It connects to the database using the provided connection string and executes SQL scripts to drop 
existing tables (`payment_summary_table` and `duration_summary_table`) and recreate them. 
The function reads the SQL commands from files located in the `queries` folder, ensuring the 
database is prepared for new data. It handles errors, such as database connection issues or 
missing SQL files, and logs the process for transparency and troubleshooting.

In [4]:
def manage_tables(connection_string):
    """
    Drops and recreates database tables by executing SQL scripts.

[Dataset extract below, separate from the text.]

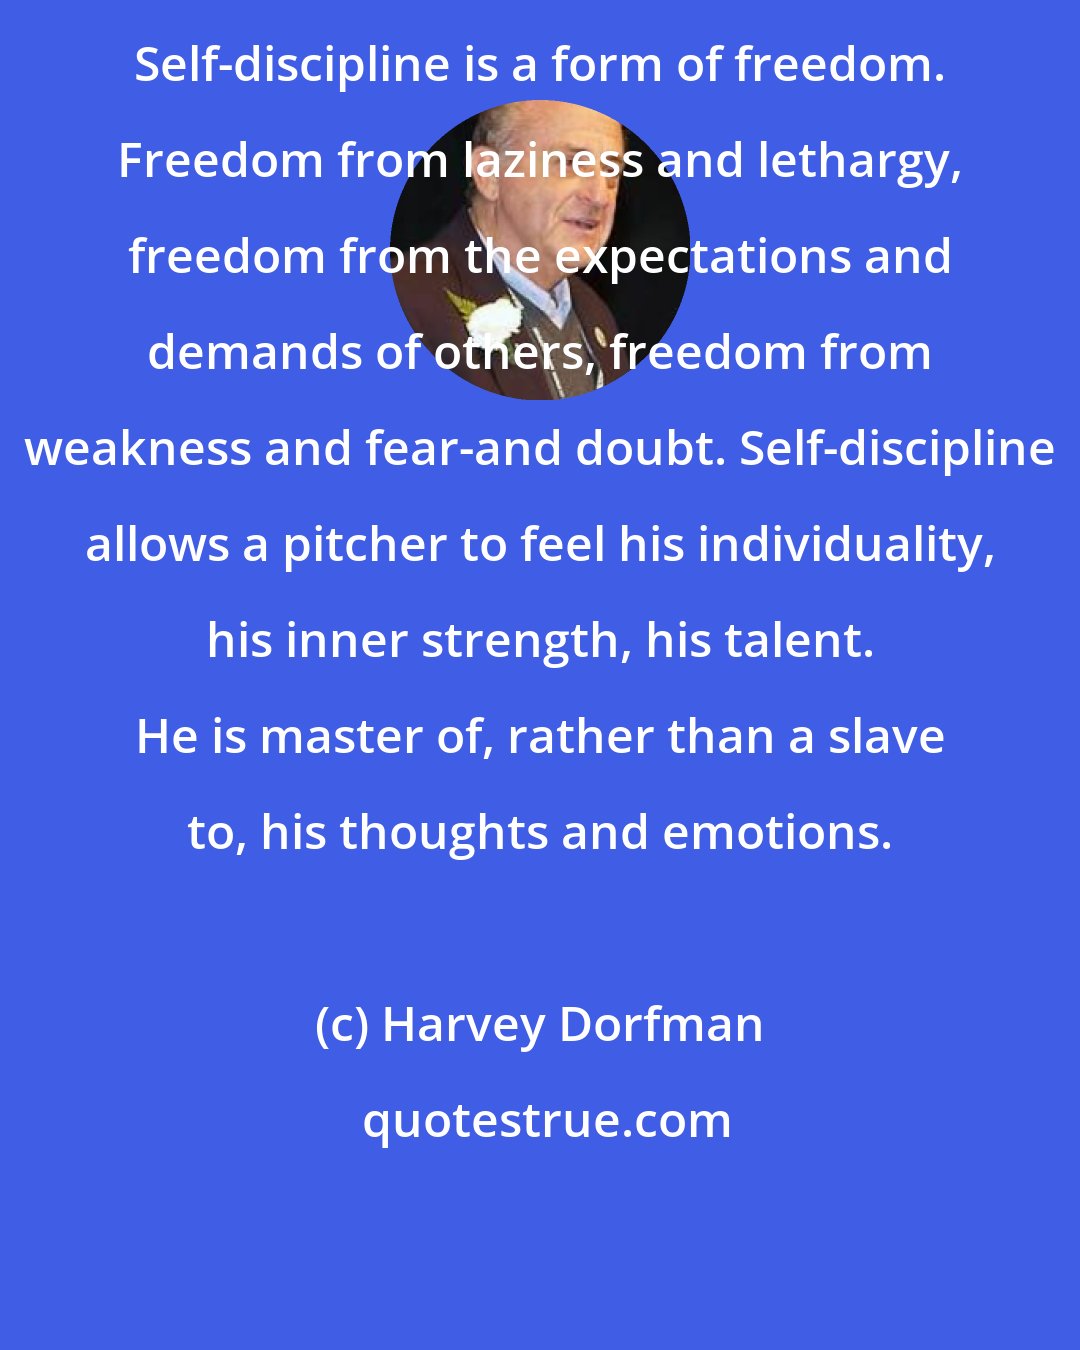 Harvey Dorfman: Self-discipline is a form of freedom. Freedom from laziness and lethargy, freedom from the expectations and demands of others, freedom from weakness and fear-and doubt. Self-discipline allows a pitcher to feel his individuality, his inner strength, his talent. He is master of, rather than a slave to, his thoughts and emotions.

    This function reads SQL scripts from predefined file paths to drop existing tables 
    and create new ones. It ensures that the database schema is updated by executing 
    the scripts sequentially.

    Args:
        connection_string (str): A valid database connection string used to connect to 
                                 the database.

    Logging:
        - Logs the start of the table management process.
        - Logs success after recreating tables.
        - Logs errors encountered during execution.

    SQL File Structure:
        - Drop Table SQL Files:
            - 'sqlFiles/tableManagement/drop_payment_summary_table.sql'
            - 'sqlFiles/tableManagement/drop_duration_summary_table.sql'
            - 'sqlFiles/tableManagement/drop_profitable_actors_table.sql'
        - Create Table SQL Files:
            - 'sqlFiles/tableManagement/create_payment_summary_table.sql'
            - 'sqlFiles/tableManagement/create_duration_summary_table.sql'
            - 'sqlFiles/tableManagement/create_profitable_actors_table.sql'

    Raises:
        Exception: If any error occurs during the database operations.

    Examples:
        >>> manage_tables("Driver={ODBC Driver 18 for SQL Server};"
                          "Server=server_name;"
                          "Database=database_name;"
                          "Uid=username;Pwd=password;")
    """

    logging.info("Starting to manage tables in the database.")
    try:
        connection = pyodbc.connect(connection_string)
        cursor = connection.cursor()
        drop_payment_table_file = os.path.join('sql_files/table_management', 'drop_payment_summary_table.sql')
        drop_duration_table_file = os.path.join('sql_files/table_management', 'drop_duration_summary_table.sql')
        drop_profitable_table_file = os.path.join('sql_files/table_management','drop_profitable_actors_table.sql')
        create_payment_table_file = os.path.join('sql_files/table_management', 'create_payment_summary_table.sql')
        create_duration_table_file = os.path.join('sql_files/table_management', 'create_duration_summary_table.sql')
        create_profitable_actors_table_file = os.path.join('sql_files/table_management','create_profitable_actors_table.sql')
        def execute_sql_file(file_path):
            with open(file_path, 'r') as file:
                sql = file.read()
                cursor.execute(sql)
        execute_sql_file(drop_payment_table_file)
        execute_sql_file(drop_duration_table_file)
        execute_sql_file(drop_profitable_table_file)
        connection.commit()
        execute_sql_file(create_payment_table_file)
        execute_sql_file(create_duration_table_file)
        execute_sql_file(create_profitable_actors_table_file)
        connection.commit()
        logging.info("Tables:\n\n                                         payment_summary_table\n"         
                     "                                         duration_summary_table\n"
                     "                                         profitable_actors_table \n\n"
                     "                                 have been recreated in the database.")
    except pyodbc.Error as e:
        logging.error(f"Error managing tables: {e}")
    except FileNotFoundError as e:
        logging.error(f"SQL file not found: {e}")
    finally:
        if 'connection' in locals() and connection:
            connection.close()

#### Function: `calculate_payments`
The `calculate_payments` function reads an SQL query from a specified file, executes it on 
a database, and retrieves the results as a pandas DataFrame. The function connects to the 
database using a given connection string and processes the query to calculate a payments summary, 
including columns such as `Records`, `Minimum`, `Maximum`, `Total`, and `Average`. It logs progress 
and errors for transparency and closes the database connection after execution. The result is 
returned as a structured DataFrame for further analysis.

In [5]:
def calculate_payments(sql_file_path, connection_string):
    """
    Calculates a summary of payments using a SQL query and returns a pandas DataFrame.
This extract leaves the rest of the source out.